O avanço avassalador da pandemia de coronavírus e o aprofundamento galopante da crise econômica configuram um momento histórico extraordinário. O Brasil não é maior do que as crises e não terá a mínima possibilidade de evitar seus efeitos devastadores. Muito pelo contrário. Todas as vulnerabilidades econômicas, sociais, sanitárias, políticas e culturais de uma formação social que, ao longo de seus quinhentos anos, não resolveu nenhum de seus problemas fundamentais virão à tona com intensidade máxima.
Os cenários desenhados pelo Imperial College of London são assustadores. Na hipótese de nada ser feito para mitigar a epidemia, prevê-se a morte de cerca de 40 milhões de pessoas no mundo. No Brasil, o número de óbitos chegaria a 1,2 milhão. No cenário de supressão precoce do processo de difusão do coronavírus, estima-se que as mortes ficariam em torno de 44 mil. O atraso na adoção das medidas de supressão, o que já está acontecendo no país, elevaria a quantidade de falecidos à casa de 206 mil. Considerando que as estimativas são feitas tendo como base os países centrais, ou seja, desconsiderando as especificidades que caracterizam a sociedade brasileira — desigualdade extrema, urbanização caótica e precariedade da estrutura de saúde pública–, o mais provável é que tais cenários estejam subestimando a letalidade dantesca da crise em marcha.
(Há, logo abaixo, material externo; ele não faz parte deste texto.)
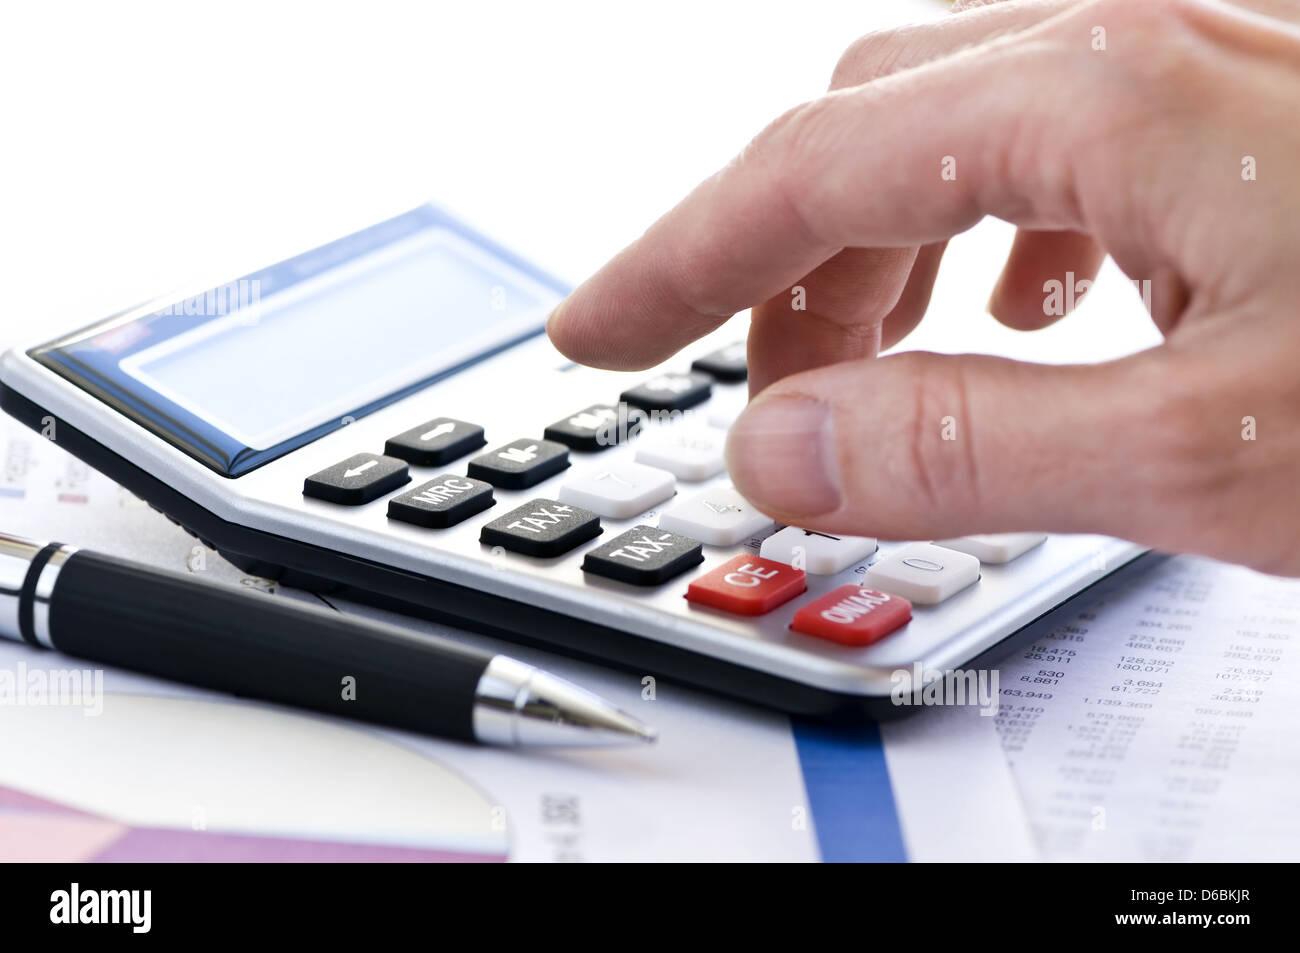 rechner berechnen berechnung kalkulation stockfoto bild 55575935 alamy. Black Bedroom Furniture Sets. Home Design Ideas

Nos centros pensantes do grande capital, que tendem sistematicamente a subestimar a gravidade das recessões, consolida-se o consenso de que a economia mundial marcha para uma depressão monumental. O órgão de pesquisa dos bancos internacionais — Institute of Internacional Finance (IIF) — prevê quedas na economia norte-americana e europeia da ordem de 10% e 18%, respectivamente, no primeiro semestre de 2020. Contração que equivale à registrada na crise de 1929. Mesmo supondo uma vigorosa recuperação a partir do terceiro trimestre — o que é bastante improvável a julgar pelas expectativas da UNCTAD sobre o comportamento dos investimentos-, o IIF estima que o crescimento anual da economia mundial será próximo de zero. A Organização Internacional do Trabalho (OIT) alerta que 25 milhões de trabalhadores podem perder o emprego, mais do que na crise de 2008–2009.
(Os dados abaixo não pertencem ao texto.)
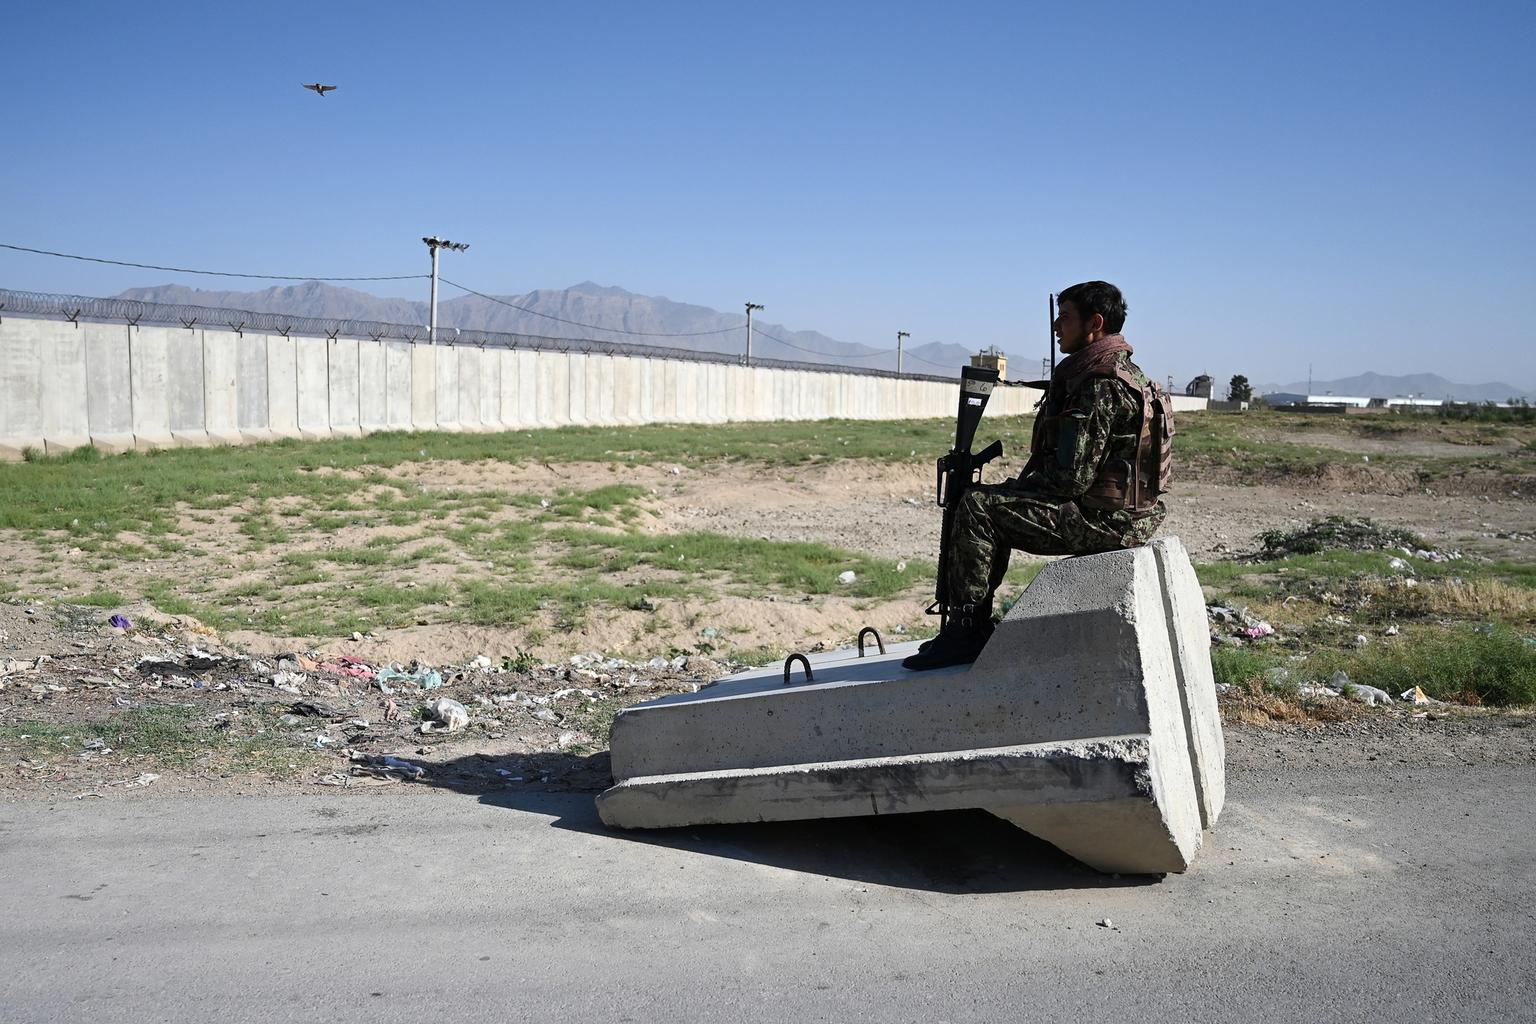 Az afgán nemzeti hadsereg egy katonája posztol egy ellenőrzőponton az amerikai hadsereg bagrami katonai bázisa közelében 2021. július 1-én #moszkvater

O impacto da crise capitalista sobre a América Latina será imediato e agudo. O centro de pesquisa da Goldman Sachs, uma espécie de quartel general do capital especulativo internacional, prevê que o encolhimento da economia latino-americana em 2020 será superior ao ocorrida em 2009, chegando a — 3,8% (há apenas uma semana a previsão era de uma diminuição de — 1,2%). O Banco J.P. Morgan revisou sua estimativa de queda anual da economia brasileira para -3,3%, em patamares equivalentes ao ocorrido em 2015 e 2016, prevendo uma queda de -6% no primeiro trimestre e de -20% no segundo trimestre.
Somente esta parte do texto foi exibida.